▸ WHAT TO PRODUCE
Print all entries word for word.

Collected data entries
- - - - - - -
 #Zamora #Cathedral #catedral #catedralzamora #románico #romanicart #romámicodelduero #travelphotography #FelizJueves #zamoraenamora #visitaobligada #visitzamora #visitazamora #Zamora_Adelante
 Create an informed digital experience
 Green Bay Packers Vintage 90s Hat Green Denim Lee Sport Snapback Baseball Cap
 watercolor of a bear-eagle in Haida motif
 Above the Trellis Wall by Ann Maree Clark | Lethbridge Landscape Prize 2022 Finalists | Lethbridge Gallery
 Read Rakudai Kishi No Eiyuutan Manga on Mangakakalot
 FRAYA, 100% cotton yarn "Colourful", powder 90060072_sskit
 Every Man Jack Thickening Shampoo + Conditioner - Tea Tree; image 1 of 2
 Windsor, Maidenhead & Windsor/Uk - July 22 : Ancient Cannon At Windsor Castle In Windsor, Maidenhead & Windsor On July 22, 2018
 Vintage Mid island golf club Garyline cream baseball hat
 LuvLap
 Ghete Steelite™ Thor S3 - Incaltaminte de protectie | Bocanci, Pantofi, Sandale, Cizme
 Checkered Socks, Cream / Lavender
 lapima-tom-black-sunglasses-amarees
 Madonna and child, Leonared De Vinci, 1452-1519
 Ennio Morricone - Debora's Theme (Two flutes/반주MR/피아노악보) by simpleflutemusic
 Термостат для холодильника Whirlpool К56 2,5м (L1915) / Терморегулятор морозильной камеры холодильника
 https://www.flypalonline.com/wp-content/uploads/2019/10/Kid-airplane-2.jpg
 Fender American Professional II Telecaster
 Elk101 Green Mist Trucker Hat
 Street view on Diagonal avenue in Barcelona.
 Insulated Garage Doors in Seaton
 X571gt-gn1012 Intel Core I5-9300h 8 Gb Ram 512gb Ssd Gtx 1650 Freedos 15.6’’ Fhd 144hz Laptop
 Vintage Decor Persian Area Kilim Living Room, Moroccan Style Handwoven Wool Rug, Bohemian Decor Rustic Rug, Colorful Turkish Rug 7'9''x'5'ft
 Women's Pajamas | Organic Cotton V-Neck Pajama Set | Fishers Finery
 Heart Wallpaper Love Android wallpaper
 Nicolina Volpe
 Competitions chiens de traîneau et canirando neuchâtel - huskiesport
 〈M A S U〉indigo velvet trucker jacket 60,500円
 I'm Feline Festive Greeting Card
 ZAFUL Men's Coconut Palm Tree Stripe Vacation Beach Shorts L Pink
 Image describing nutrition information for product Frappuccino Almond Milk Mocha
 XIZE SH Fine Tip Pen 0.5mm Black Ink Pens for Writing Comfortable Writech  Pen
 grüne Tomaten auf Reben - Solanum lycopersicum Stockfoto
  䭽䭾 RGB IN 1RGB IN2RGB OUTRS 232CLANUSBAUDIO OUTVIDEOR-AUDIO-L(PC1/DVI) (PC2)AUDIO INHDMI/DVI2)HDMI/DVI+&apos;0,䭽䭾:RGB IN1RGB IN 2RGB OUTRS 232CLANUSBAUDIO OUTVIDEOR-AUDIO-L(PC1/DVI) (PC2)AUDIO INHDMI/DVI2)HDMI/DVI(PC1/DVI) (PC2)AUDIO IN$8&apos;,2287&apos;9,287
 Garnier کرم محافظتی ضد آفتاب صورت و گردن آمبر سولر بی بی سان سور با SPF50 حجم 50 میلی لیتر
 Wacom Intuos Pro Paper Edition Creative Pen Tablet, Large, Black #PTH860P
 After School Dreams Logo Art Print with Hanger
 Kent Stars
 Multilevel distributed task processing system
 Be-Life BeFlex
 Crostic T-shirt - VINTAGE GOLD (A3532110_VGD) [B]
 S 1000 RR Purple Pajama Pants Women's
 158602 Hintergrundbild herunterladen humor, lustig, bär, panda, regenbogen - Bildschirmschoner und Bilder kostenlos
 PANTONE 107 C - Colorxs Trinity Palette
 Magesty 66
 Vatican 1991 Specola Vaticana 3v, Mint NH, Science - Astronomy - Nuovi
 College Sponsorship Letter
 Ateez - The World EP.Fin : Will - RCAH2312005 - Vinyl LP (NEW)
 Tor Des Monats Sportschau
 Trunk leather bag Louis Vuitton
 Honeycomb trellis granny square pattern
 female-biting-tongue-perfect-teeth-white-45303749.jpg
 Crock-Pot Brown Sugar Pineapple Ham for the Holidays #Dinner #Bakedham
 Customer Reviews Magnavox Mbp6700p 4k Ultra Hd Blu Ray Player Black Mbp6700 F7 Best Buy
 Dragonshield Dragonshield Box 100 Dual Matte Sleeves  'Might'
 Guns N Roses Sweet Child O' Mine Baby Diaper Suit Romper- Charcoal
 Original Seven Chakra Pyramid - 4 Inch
- - - - - - -
▸ YOUR SOLUTION
 #Zamora #Cathedral #catedral #catedralzamora #románico #romanicart #romámicodelduero #travelphotography #FelizJueves #zamoraenamora #visitaobligada #visitzamora #visitazamora #Zamora_Adelante
 Create an informed digital experience
 Green Bay Packers Vintage 90s Hat Green Denim Lee Sport Snapback Baseball Cap
 watercolor of a bear-eagle in Haida motif
 Above the Trellis Wall by Ann Maree Clark | Lethbridge Landscape Prize 2022 Finalists | Lethbridge Gallery
 Read Rakudai Kishi No Eiyuutan Manga on Mangakakalot
 FRAYA, 100% cotton yarn "Colourful", powder 90060072_sskit
 Every Man Jack Thickening Shampoo + Conditioner - Tea Tree; image 1 of 2
 Windsor, Maidenhead & Windsor/Uk - July 22 : Ancient Cannon At Windsor Castle In Windsor, Maidenhead & Windsor On July 22, 2018
 Vintage Mid island golf club Garyline cream baseball hat
 LuvLap
 Ghete Steelite™ Thor S3 - Incaltaminte de protectie | Bocanci, Pantofi, Sandale, Cizme
 Checkered Socks, Cream / Lavender
 lapima-tom-black-sunglasses-amarees
 Madonna and child, Leonared De Vinci, 1452-1519
 Ennio Morricone - Debora's Theme (Two flutes/반주MR/피아노악보) by simpleflutemusic
 Термостат для холодильника Whirlpool К56 2,5м (L1915) / Терморегулятор морозильной камеры холодильника
 https://www.flypalonline.com/wp-content/uploads/2019/10/Kid-airplane-2.jpg
 Fender American Professional II Telecaster
 Elk101 Green Mist Trucker Hat
 Street view on Diagonal avenue in Barcelona.
 Insulated Garage Doors in Seaton
 X571gt-gn1012 Intel Core I5-9300h 8 Gb Ram 512gb Ssd Gtx 1650 Freedos 15.6’’ Fhd 144hz Laptop
 Vintage Decor Persian Area Kilim Living Room, Moroccan Style Handwoven Wool Rug, Bohemian Decor Rustic Rug, Colorful Turkish Rug 7'9''x'5'ft
 Women's Pajamas | Organic Cotton V-Neck Pajama Set | Fishers Finery
 Heart Wallpaper Love Android wallpaper
 Nicolina Volpe
 Competitions chiens de traîneau et canirando neuchâtel - huskiesport
 〈M A S U〉indigo velvet trucker jacket 60,500円
 I'm Feline Festive Greeting Card
 ZAFUL Men's Coconut Palm Tree Stripe Vacation Beach Shorts L Pink
 Image describing nutrition information for product Frappuccino Almond Milk Mocha
 XIZE SH Fine Tip Pen 0.5mm Black Ink Pens for Writing Comfortable Writech  Pen
 grüne Tomaten auf Reben - Solanum lycopersicum Stockfoto
  䭽䭾 RGB IN 1RGB IN2RGB OUTRS 232CLANUSBAUDIO OUTVIDEOR-AUDIO-L(PC1/DVI) (PC2)AUDIO INHDMI/DVI2)HDMI/DVI+&apos;0,䭽䭾:RGB IN1RGB IN 2RGB OUTRS 232CLANUSBAUDIO OUTVIDEOR-AUDIO-L(PC1/DVI) (PC2)AUDIO INHDMI/DVI2)HDMI/DVI(PC1/DVI) (PC2)AUDIO IN$8&apos;,2287&apos;9,287
 Garnier کرم محافظتی ضد آفتاب صورت و گردن آمبر سولر بی بی سان سور با SPF50 حجم 50 میلی لیتر
 Wacom Intuos Pro Paper Edition Creative Pen Tablet, Large, Black #PTH860P
 After School Dreams Logo Art Print with Hanger
 Kent Stars
 Multilevel distributed task processing system
 Be-Life BeFlex
 Crostic T-shirt - VINTAGE GOLD (A3532110_VGD) [B]
 S 1000 RR Purple Pajama Pants Women's
 158602 Hintergrundbild herunterladen humor, lustig, bär, panda, regenbogen - Bildschirmschoner und Bilder kostenlos
 PANTONE 107 C - Colorxs Trinity Palette
 Magesty 66
 Vatican 1991 Specola Vaticana 3v, Mint NH, Science - Astronomy - Nuovi
 College Sponsorship Letter
 Ateez - The World EP.Fin : Will - RCAH2312005 - Vinyl LP (NEW)
 Tor Des Monats Sportschau
 Trunk leather bag Louis Vuitton
 Honeycomb trellis granny square pattern
 female-biting-tongue-perfect-teeth-white-45303749.jpg
 Crock-Pot Brown Sugar Pineapple Ham for the Holidays #Dinner #Bakedham
 Customer Reviews Magnavox Mbp6700p 4k Ultra Hd Blu Ray Player Black Mbp6700 F7 Best Buy
 Dragonshield Dragonshield Box 100 Dual Matte Sleeves  'Might'
 Guns N Roses Sweet Child O' Mine Baby Diaper Suit Romper- Charcoal
 Original Seven Chakra Pyramid - 4 Inch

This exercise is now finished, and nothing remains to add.